Knox is a city in Benson County, North Dakota, United States. The population was 22 at the 2020 census. Knox was founded in 1887.

==Geography==
According to the United States Census Bureau, the city has a total area of 0.50 sqmi, all land.

==Demographics==

Historical population
| Census | Pop. | Note | %± |
| 1910 | 330 |  | — |
| 1920 | 173 |  | −47.6% |
| 1930 | 177 |  | 2.3% |
| 1940 | 189 |  | 6.8% |
| 1950 | 190 |  | 0.5% |
| 1960 | 122 |  | −35.8% |
| 1970 | 104 |  | −14.8% |
| 1980 | 69 |  | −33.7% |
| 1990 | 45 |  | −34.8% |
| 2000 | 59 |  | 31.1% |
| 2010 | 25 |  | −57.6% |
| 2020 | 22 |  | −12.0% |
| 2022 (est.) | 21 |  | −4.5% |
U.S. Decennial Census 2020 Census

===2010 census===
As of the census of 2010, there were 25 people, 13 households, and 6 families living in the city. The population density was 50.0 PD/sqmi. There were 26 housing units at an average density of 52.0 /sqmi. The racial makeup of the city was 100.0% White.

There were 13 households, of which 7.7% had children under the age of 18 living with them, 38.5% were married couples living together, 7.7% had a female householder with no husband present, and 53.8% were non-families. 30.8% of all households were made up of individuals, and 30.8% had someone living alone who was 65 years of age or older.

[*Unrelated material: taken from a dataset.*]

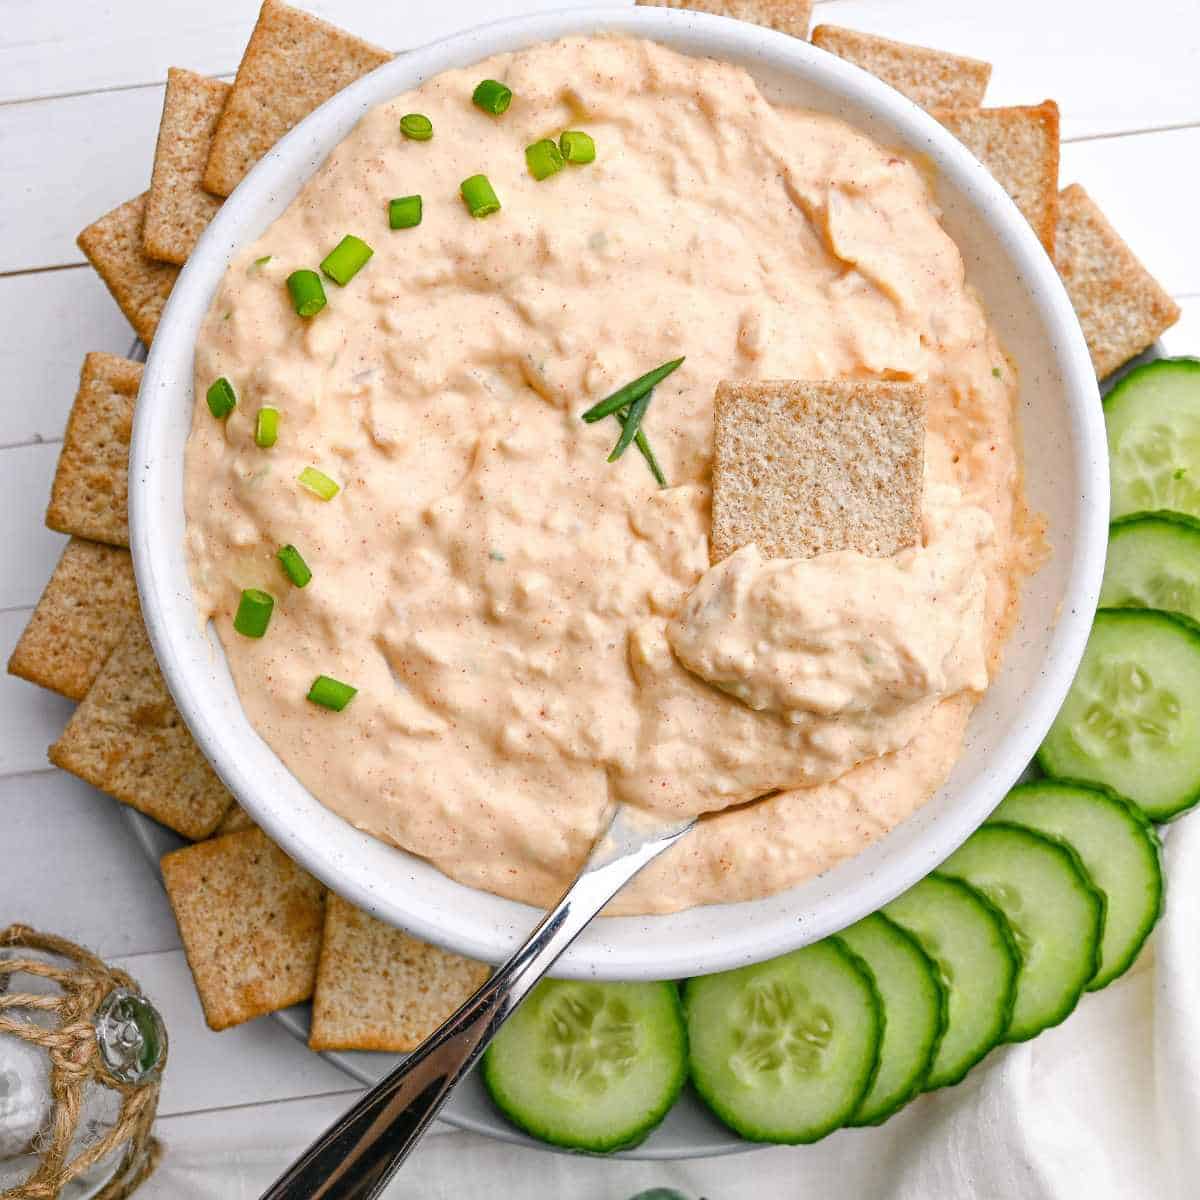 baked clam dip with crackers and cucumbers

The average household size was 1.92 and the average family size was 2.50.

The median age in the city was 59.8 years. 8% of residents were under the age of 18; 4% were between the ages of 18 and 24; 16% were from 25 to 44; 36% were from 45 to 64; and 36% were 65 years of age or older. The gender makeup of the city was 48.0% male and 52.0% female.

===2000 census===
As of the census of 2000, there were 59 people, 22 households, and 13 families living in the city. The population density was 118.6 /mi2. There were 28 housing units at an average density of 56.3 /mi2. The racial makeup of the city was 96.61% White, 1.69% African American, 1.69% from other races. Hispanic or Latino of any race were 3.39% of the population.

There were 22 households, out of which 31.8% had children under the age of 18 living with them, 54.5% were married couples living together, 4.5% had a female householder with no husband present, and 36.4% were non-families. 27.3% of all households were made up of individuals, and 22.7% had someone living alone who was 65 years of age or older. The average household size was 2.68 and the average family size was 3.36.

In the city, the population was spread out, with 37.3% under the age of 18, 6.8% from 18 to 24, 15.3% from 25 to 44, 28.8% from 45 to 64, and 11.9% who were 65 years of age or older. The median age was 35 years. For every 100 females, there were 90.3 males. For every 100 females age 18 and over, there were 85.0 males.

The median income for a household in the city was $22,500, and the median income for a family was $30,000. Males had a median income of $33,125 versus $14,167 for females. The per capita income for the city was $12,808. There were 14.3% of families and 18.4% of the population living below the poverty line, including 25.0% of under eighteens and none of those over 64.

==Transportation==
Amtrak’s Empire Builder, which operates between Seattle/Portland and Chicago, passes through the town on BNSF tracks, but makes no stop. The nearest station is located in Rugby, 16 mi to the west.

==Education==
It is within Rugby Public Schools, which operates Rugby High School.